Wall Street saw some turbulence on Monday, as major benchmarks initially rose, gave up their gains, and then continued to oscillate up and down throughout the day before finishing lower. Many investors paid most of their attention to massive corporate mergers, including deals involving some of the largest U.S. wireless carriers, as well as giants in the oil refinery world. Nevertheless, not all stocks benefited from good news, and some individual companies got hit with setbacks. First Solar (FSLR 2.95%), Arconic (HWM 0.84%), and Celgene (CELG) were among the worst performers on the day. Here's why they did so poorly.
First Solar gets stuck in the shade
Shares of First Solar fell 9% as the solar specialist gave up the gains it had enjoyed late last week after reporting its first-quarter financial results. Despite the company's revenue plunging 36% from year-ago levels, net income soared, producing earnings that were fully eight times higher than they were in the first quarter of 2017. Some analysts following the stock also looked kindly on First Solar, with UBS today boosting its price target by $13 to $94 per share and repeating its buy rating on the company. Yet some investors still seem to be nervous about the company's ability to keep expanding at a breakneck pace. Right now, there doesn't seem to be much fundamentally to justify those fears in the long run, making today's drop seem out of place.
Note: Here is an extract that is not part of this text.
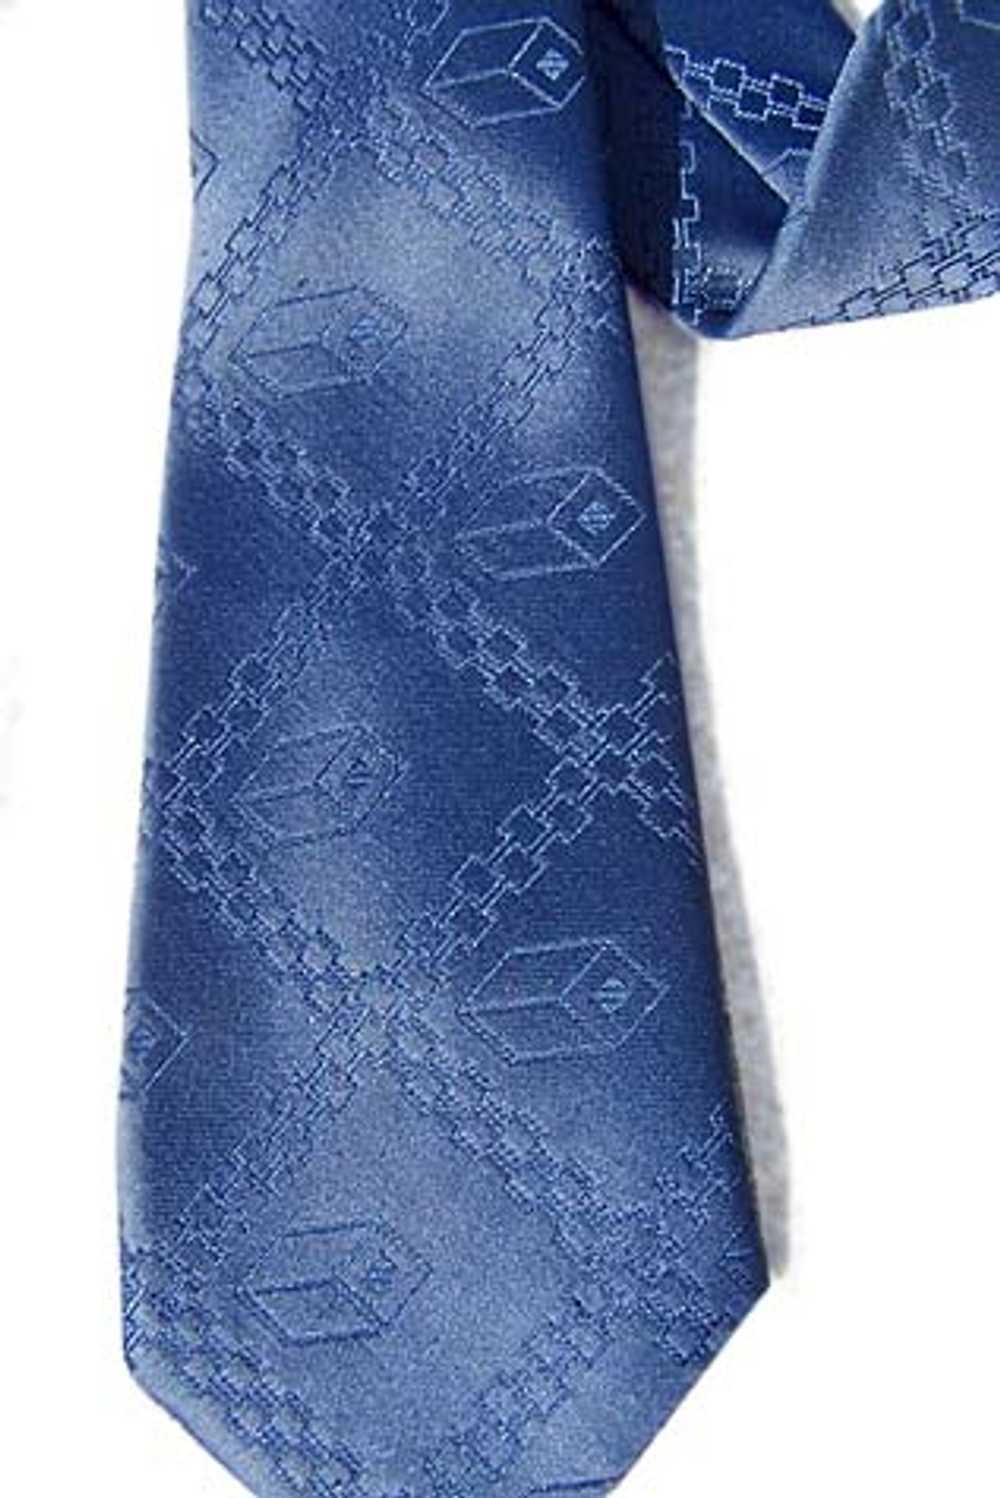 Sears mathematical mens' tie - image 3

Arconic's guidance disappoints
Arconic stock plunged nearly 21% after the specialist in the production of aluminum and other lightweight metals issued its first-quarter financial report. Sales for the company were up 8%, but a faster rise in costs of goods sold ate away at margin, and that helped contribute to a drop of more than half in Arconic's net income. Even though that decline was largely due to a one-time adjustment last year following Arconic's spinoff, the aluminum specialist also cut its guidance for full-year earnings by nearly 20%. Unless aluminum prices recover quickly and the uncertain tariff situation resolves itself soon, Arconic could be vulnerable to further losses.
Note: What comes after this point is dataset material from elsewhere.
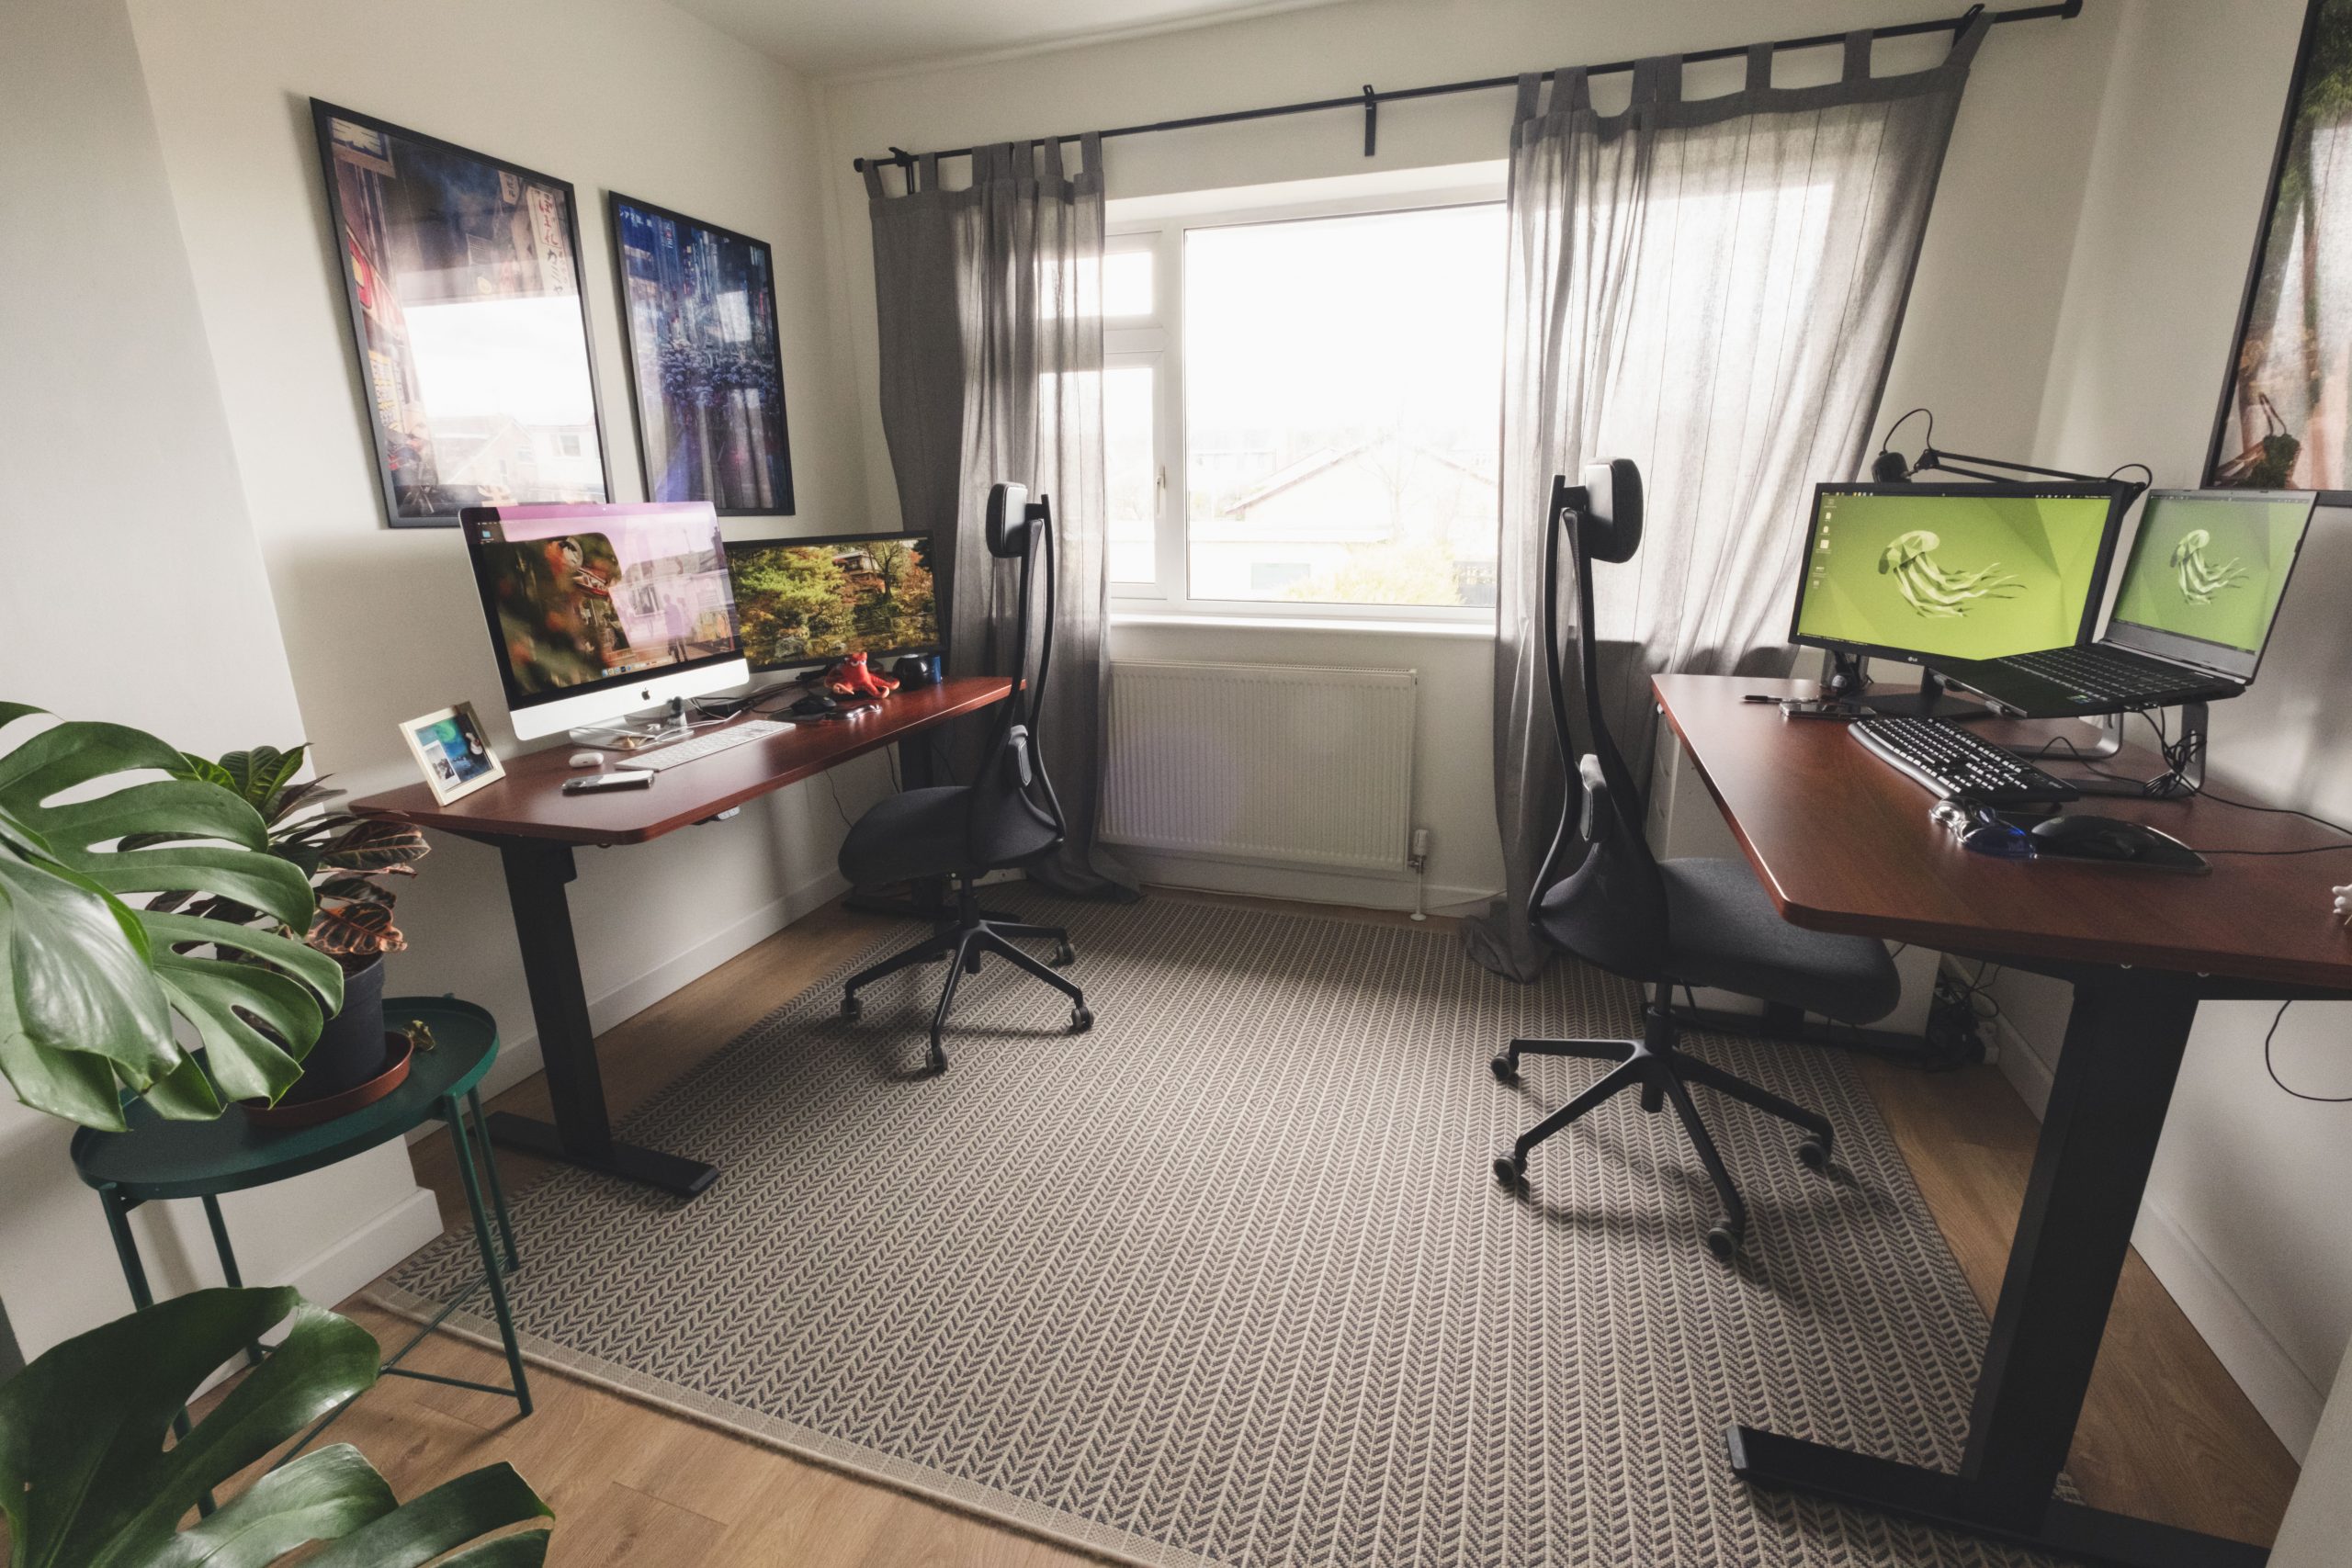 Our home office with standing desks from Flexispot

Analysts aren't impressed with Celgene
Finally, shares of Celgene lost 4.5%. The biotech giant got negative comments from analysts at Morgan Stanley, who predicted that it could take several years for Celgene to move forward with plans to file for approval from the U.S. Food and Drug Administration for its multiple sclerosis candidate drug ozanimod. Celgene already tried to file for FDA approval, but the regulatory agency took the unusual step of issuing a refusal to file letter that said the biotech company hadn't provided enough information for a full review. Investors had hoped that any delay in submitting a revised application would be short, so Morgan Stanley's suggestion that it could take a lot longer for Celgene to recover from its mistake wasn't well-received by shareholders.